Hove is a borough constituency in East Sussex represented in the House of Commons of the UK Parliament since 2015 by Labour's Peter Kyle.

It has the joint shortest name of any constituency in the current Parliament, with 4 letters, the same as Bath.

Boundaries 

1950–1983: The County Borough of Hove, and the Urban District of Portslade-by-Sea.

1983–2010: The Borough of Hove.

2010–present: The City of Brighton and Hove wards of Brunswick and Adelaide, Central Hove, Goldsmid, Hangleton and Knoll, Hove Park, North Portslade, South Portslade, Westbourne, and Wish.

The constituency covers Hove and Portslade in the city of Brighton and Hove.

Constituency profile
The settlement of Hove is an economically active seaside resort which is both a commuter town and centred in an area of high local employment, stretching from Portsmouth to London Gatwick Airport.
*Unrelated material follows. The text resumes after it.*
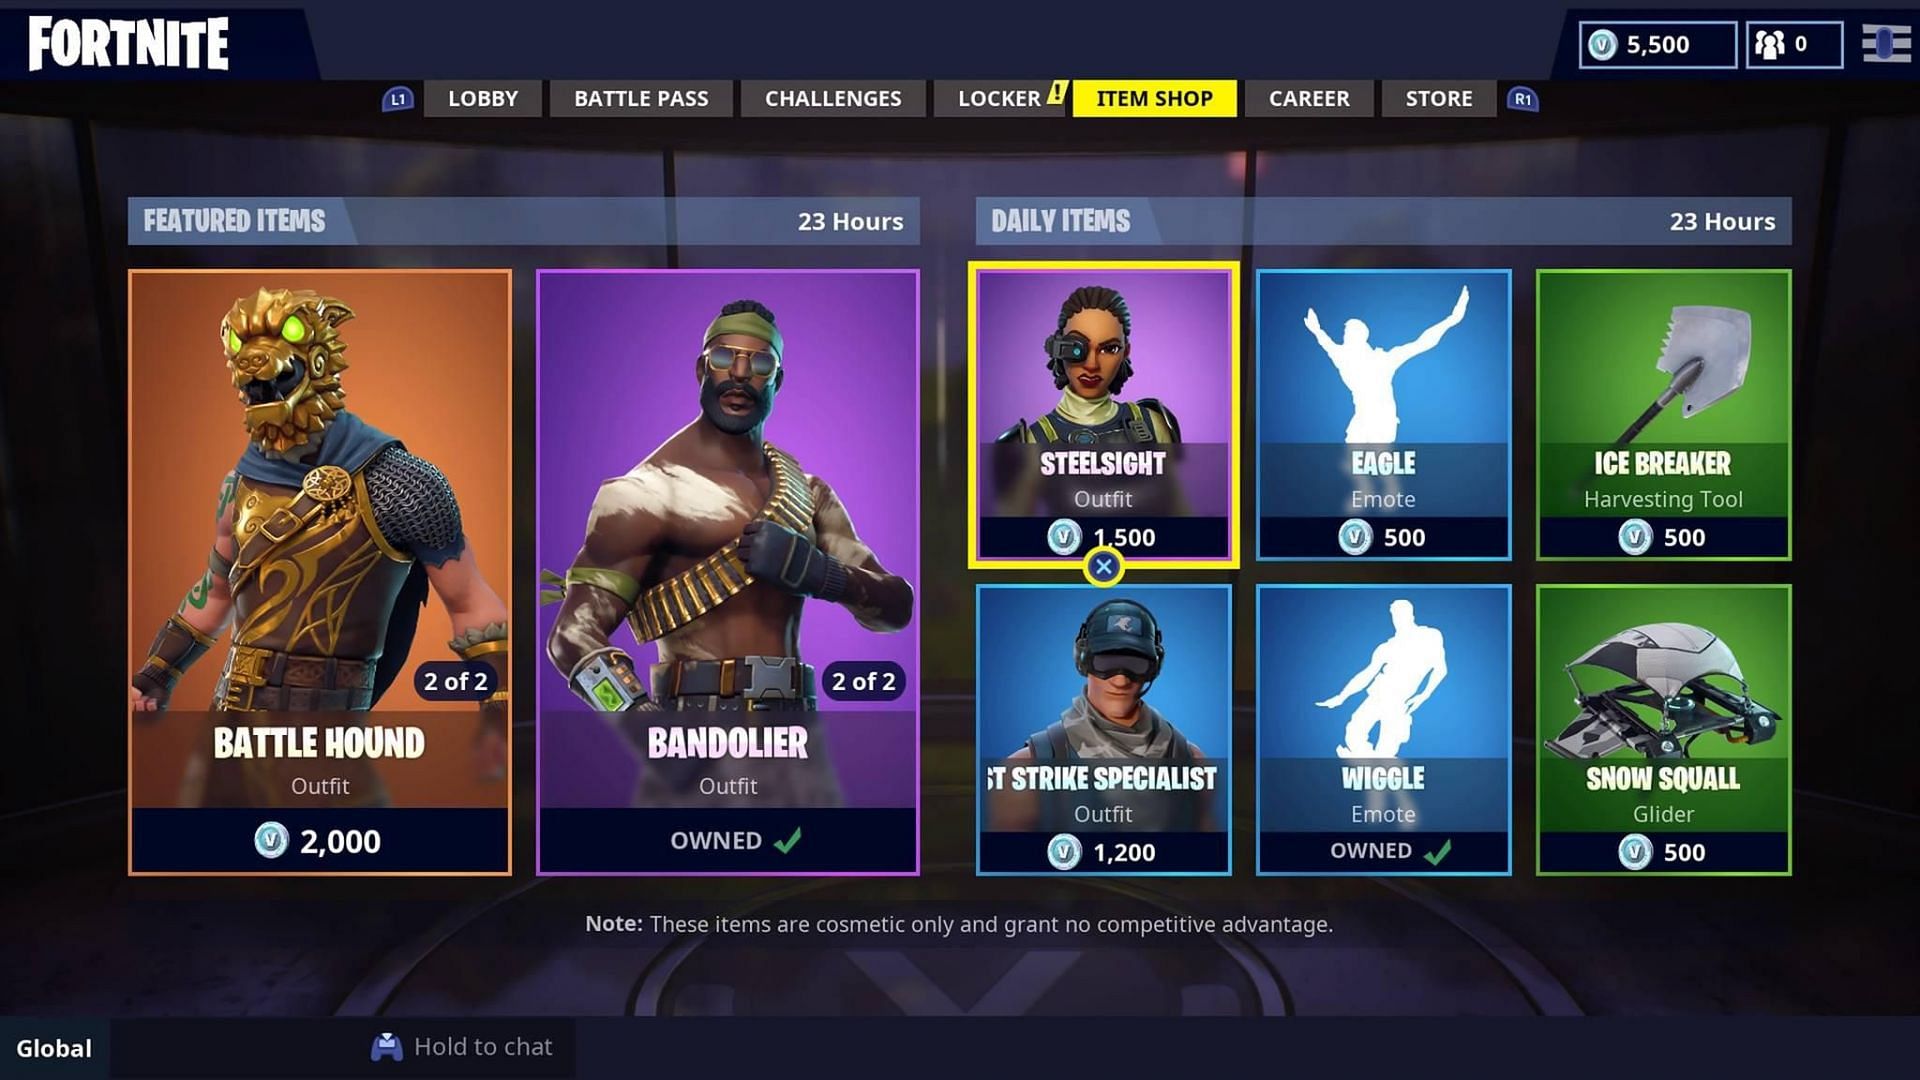 The FTC Fortnite settlement forced Epic Games to adjust the Item Shop (Image via Epic Games)
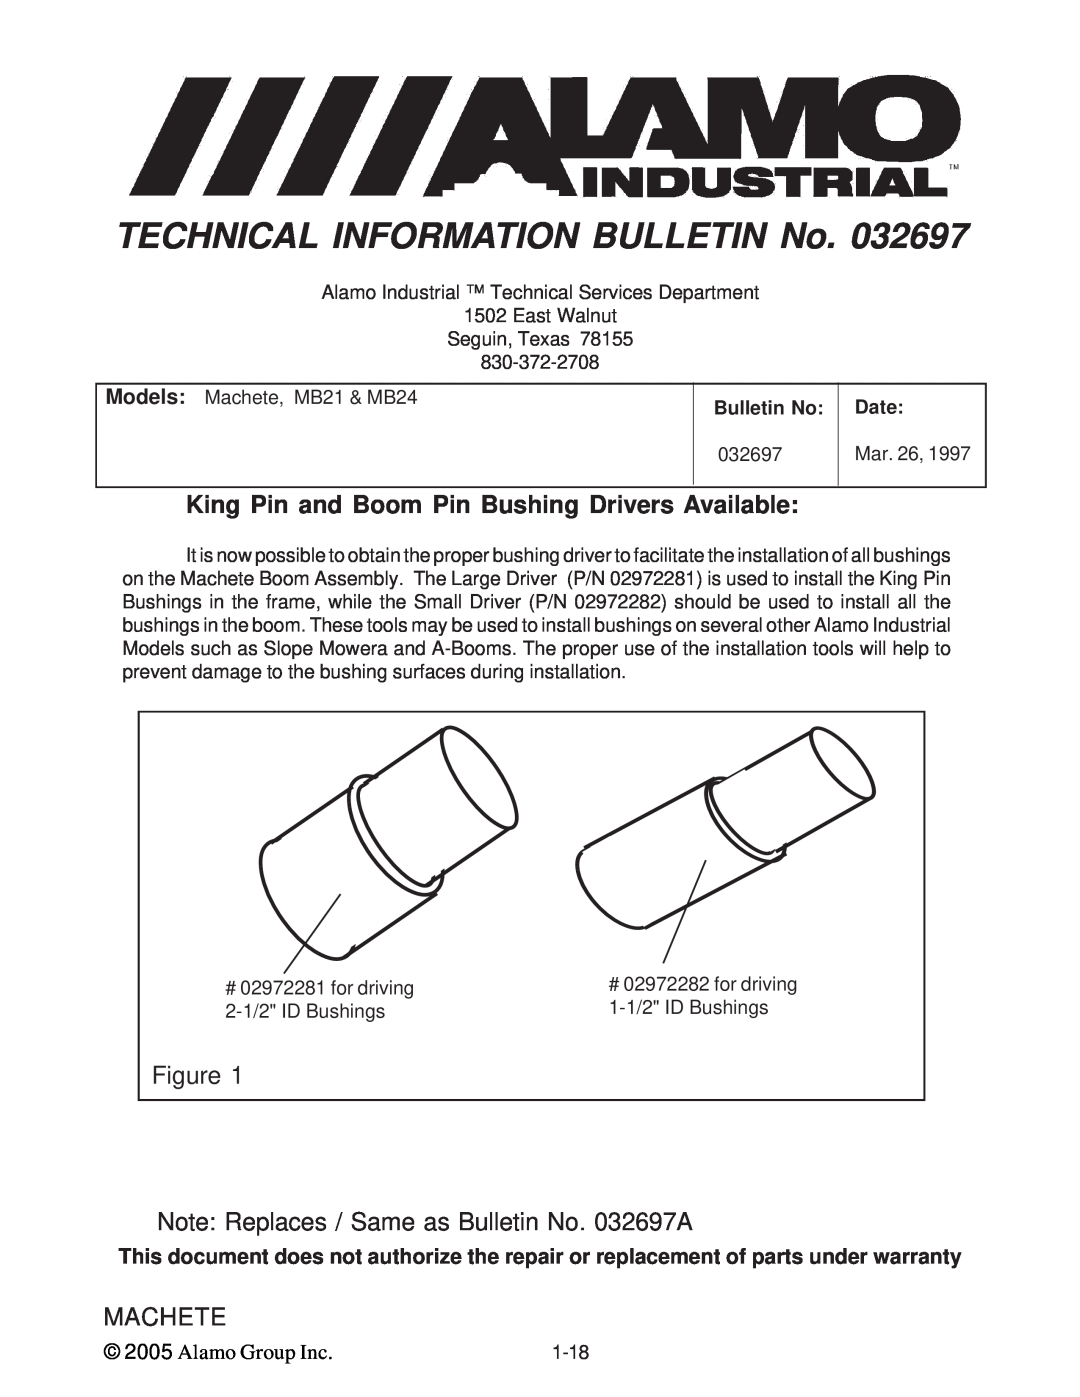 Alamo T 7740 King Pin and Boom Pin Bushing Drivers Available, Note: Replaces / Same as Bulletin No. 032697A, Figure, Date

The seat acted as a barometer of the national result between 1979 and 2015.

History 
It was not until the 1950 general election, when major boundary changes occurred in Brighton, that Hove acquired a parliamentary seat of its own, having previously been in the former two-seat Brighton constituency. Hove was a Conservative stronghold until the 1997 general election, when the Labour Party saw a landslide parliamentary victory and with it, as in Greater London, wide success on the developed East Sussex coast.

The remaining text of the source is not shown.